Transfer learning in NLP

January 24, 2018

Sebastian Ruder wrote in his blog about perspectives of Neural Networks in NLP. He thinks that Few-Shot and Transfer learning will give huge impact in this area. I found his arguments convincing, so now I’m making experiments with Few-Shot learning. There are a lot of good datasets for Few-Shot learning problem in Computer Vision, e.g. Omniglot or any dataset for face recognition. The most closest analogue in NLP is Conversations and Question answering dataset. But result evaluation of this tasks is very specific: we can’t check if random text answers some question without human because it’s impossible to align all texts with a set of predefined labels like it is accomplished in Omniglot. There is however a NLP task which fits Few-Shot learning approach - Named Entity Linking or NEL for short. In NEL we should assign exact concept link for each mention in text. You can think about concepts like about Wikipedia articles.
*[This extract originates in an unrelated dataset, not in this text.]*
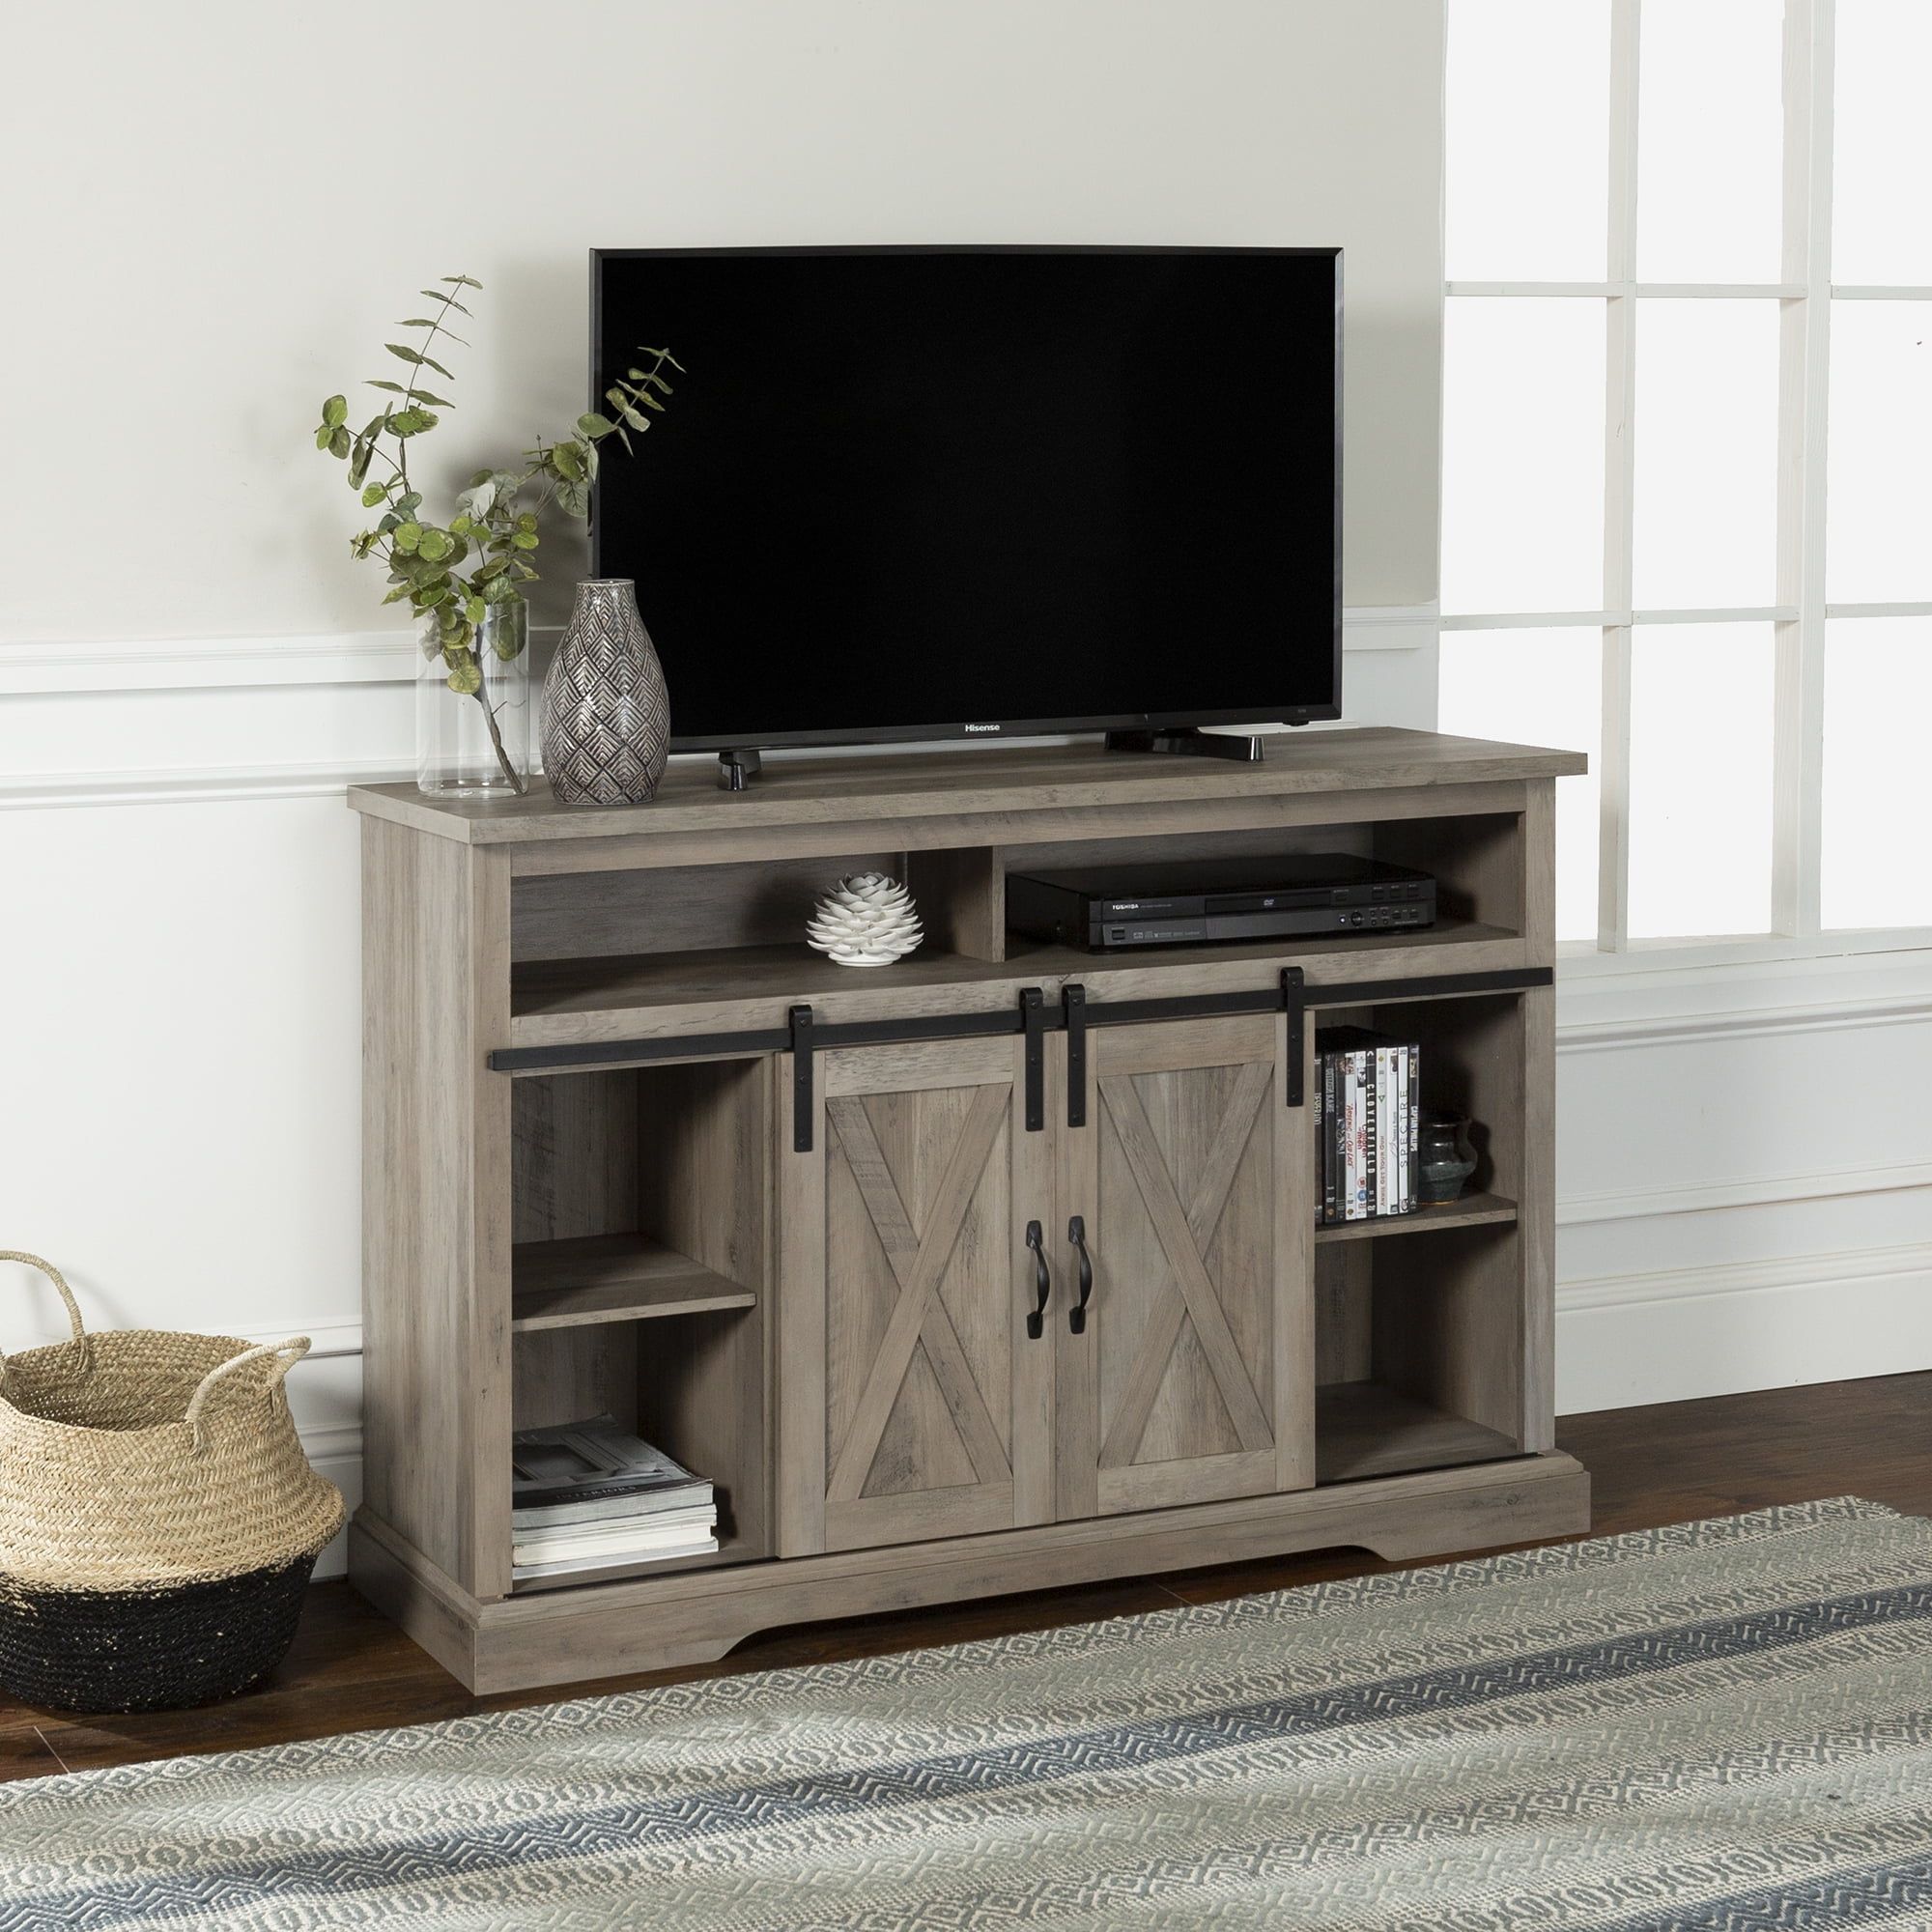 Manor Park Farmhouse Barn Door Tv Stand For Tvs Up To 58", Grey Wash With Regard To Farmhouse Tv Stands (View 17 of 20)

The number of possible concepts is very large and grows with time, so it’s impossible to apply regular classification techniques. It makes NEL task perfect for Few-Shot learning. I prepared WikiLinks based dataset This dataset consists of entity mentions with corresponding wikipedia links. There are also kNN baseline which gives 70% accuracy. KNN uses only Bag Of Words features without any word2vec or synonyms. My next step was to try use well known neural architectures for text matching. It worth detailed description, so next few posts will be about it.